A dazzling fireball entered the earth’s atmosphere on Wednesday night, lighting up the evening skies over a large portion of the eastern United States and parts of Canada before it quickly burned up. Data gathered by the American Meteor Society shows that over 200 ground observers in 11 U.S. states plus Ontario reported seeing the brilliant show.
According to the statistics, most observers of the meteor on Wednesday night claimed to have seen it between 6:45 and 7 p.m. EST, and the majority of individual sightings lasted between 1 and 7 1/2 seconds. However, a few reports from Augusta, West Virginia, and Front Royal, Virginia, said that the fireball was seen for up to 20 seconds before it vanished. These accounts suggested that the falling space rock lasted for a considerable amount longer than that.
Even if some sightings were fleeting, they were especially colorful. Donald Bradner, a homeowner in Lyndon, Virginia, posted ring camera footage online that appeared to show a brilliant flash of light shooting across the skies over neighboring Maryland. CBS affiliate WUSA-TV was able to secure the clip. According to the TV station, there were more sightings on Wednesday night in Pennsylvania and the Midwest, with at least one reported in Westlake, Ohio, and another in Southfield, Michigan.
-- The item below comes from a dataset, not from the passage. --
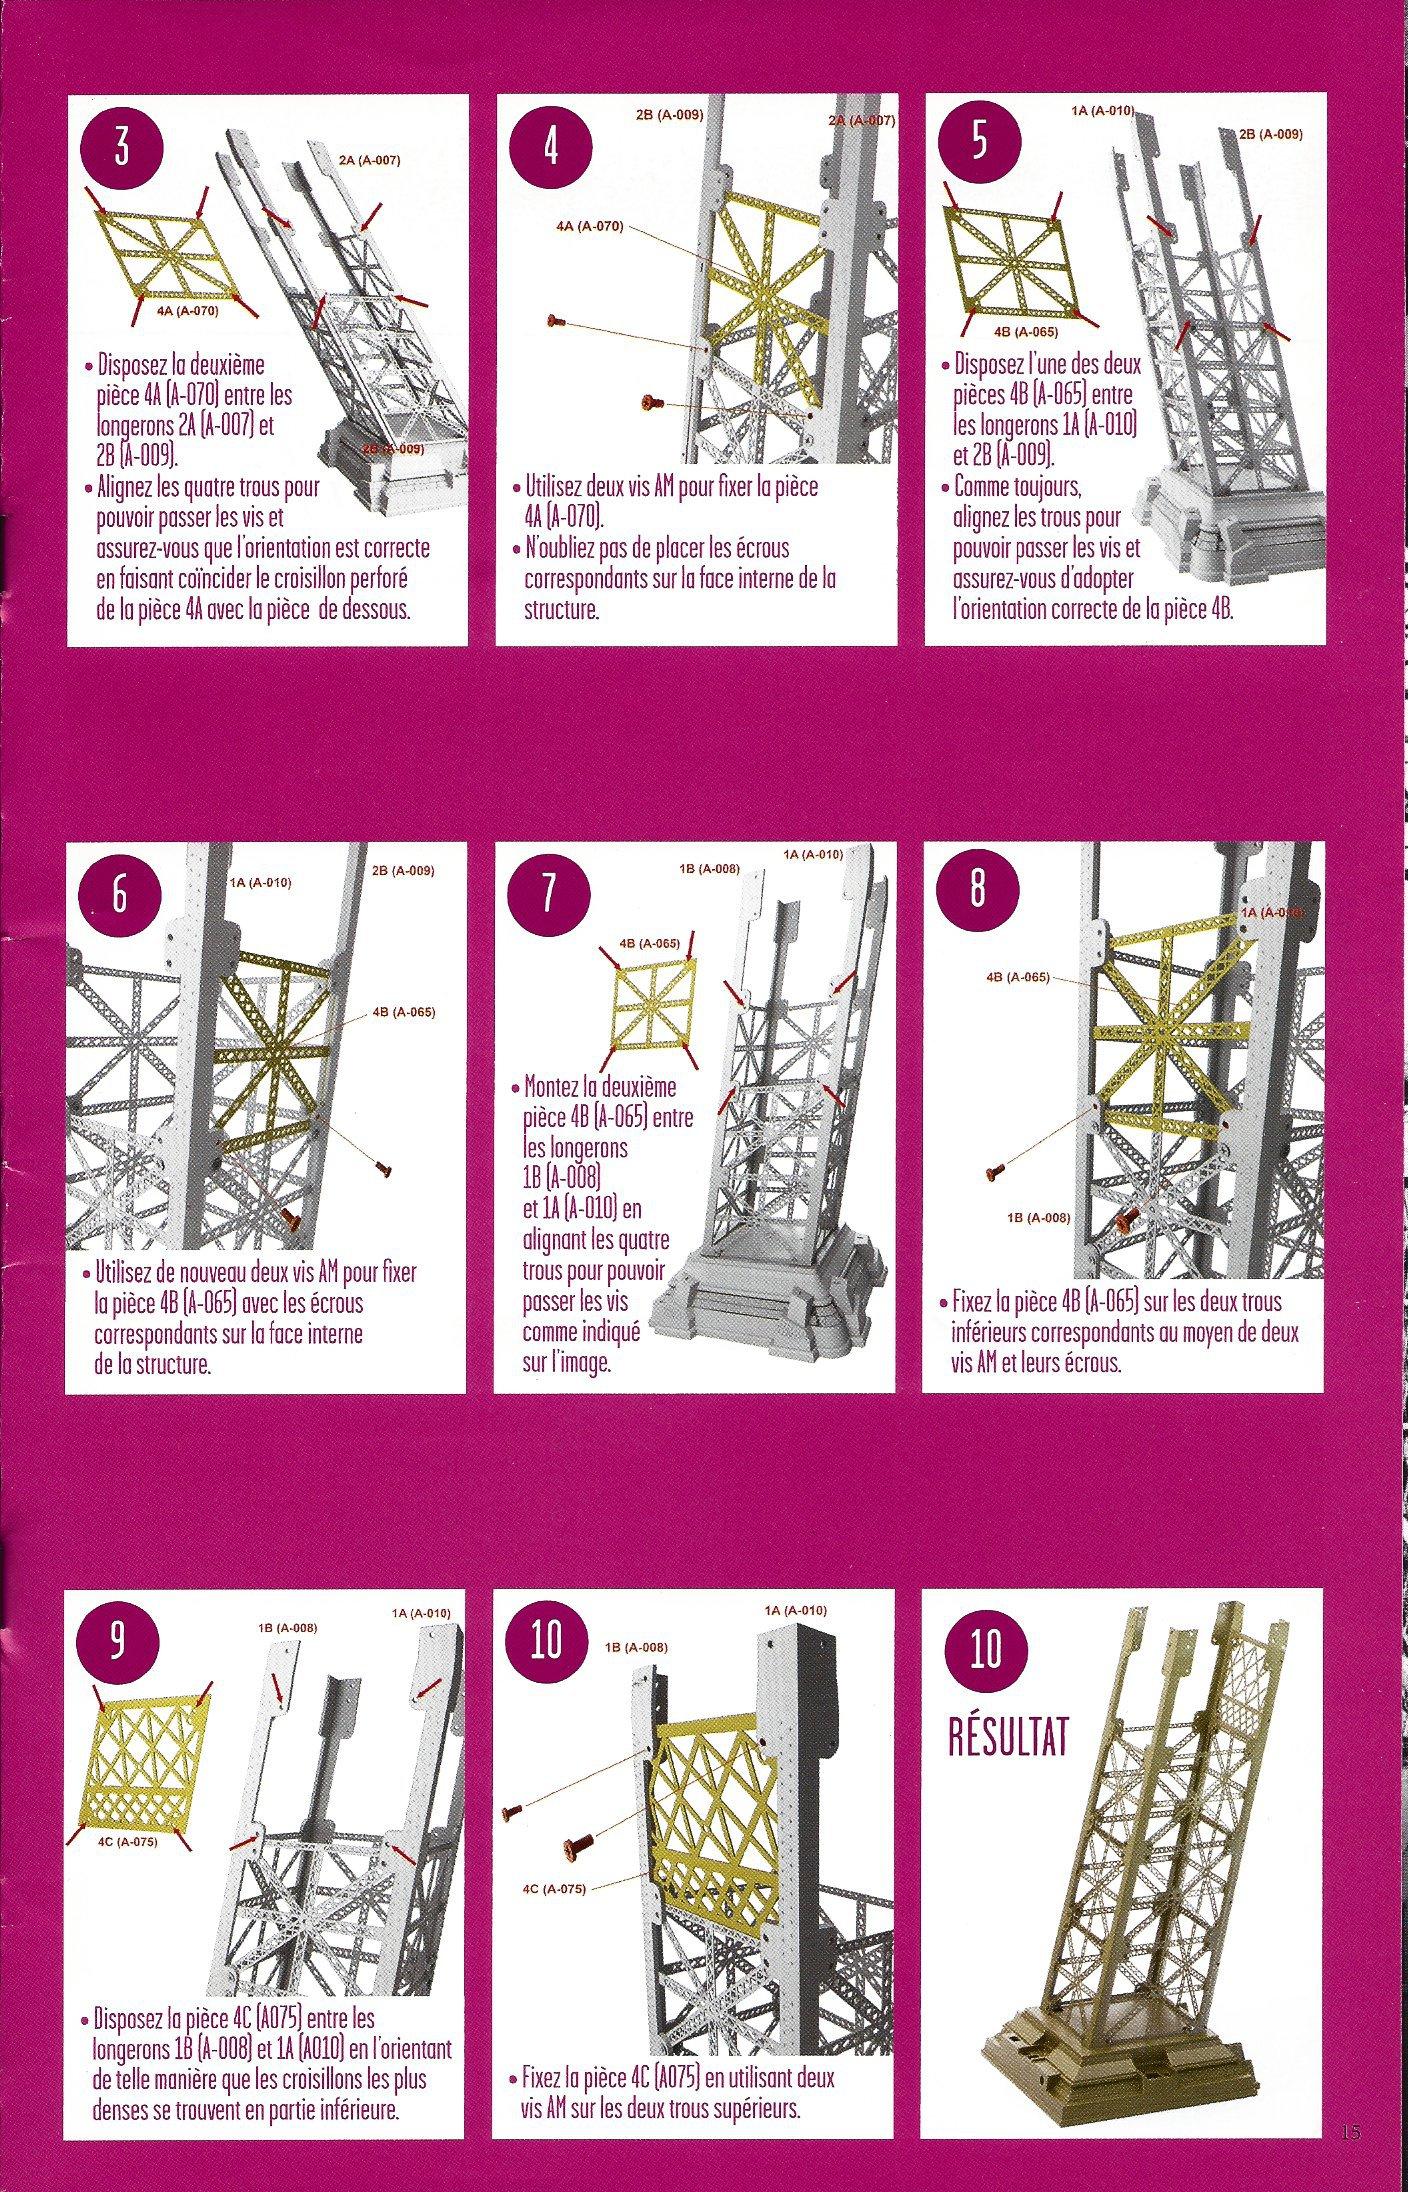 Numéro 4 - Je construis la Tour Eiffel - La tour Eiffel et la mode 57989304c

“Meteors are harmless and never hit the surface of the earth. Meteorites, on the other hand, do hit the earth before they burn up,” according to Topper Shutt, a meteorologist with WUSA, who reported on the most recent occurrences late on Wednesday.
NASA estimates that every day, approximately 48 1/2 tons of meteoritic debris fall upon Earth. A meteor, often known as a shooting star, is a space rock that burns up as it spontaneously hits the atmosphere. A fireball is a particularly brilliant one that can occasionally appear even brighter than Venus.
The space rocks are called meteoroids before descending down toward earth, and they can vary greatly in size. Some are as small as a grain of dust, while others are as large as an asteroid. Most of them are pieces that broke off of larger objects in space, like comets or even the moon and other planets, NASA states that meteoroids can be metallic, rocky, or a mix of the two.
In September of last year, hundreds of people in the mid-Atlantic region of the United States witnessed one particularly bright fireball. Scientists discovered that the initial meteoroid from which the fireball originated was a tiny piece of an asteroid, despite NASA’s claim that the fireball was as brilliant as a quarter moon at the time. They stated that the asteroid might have originated in the asteroid belt that lies between Mars and Jupiter.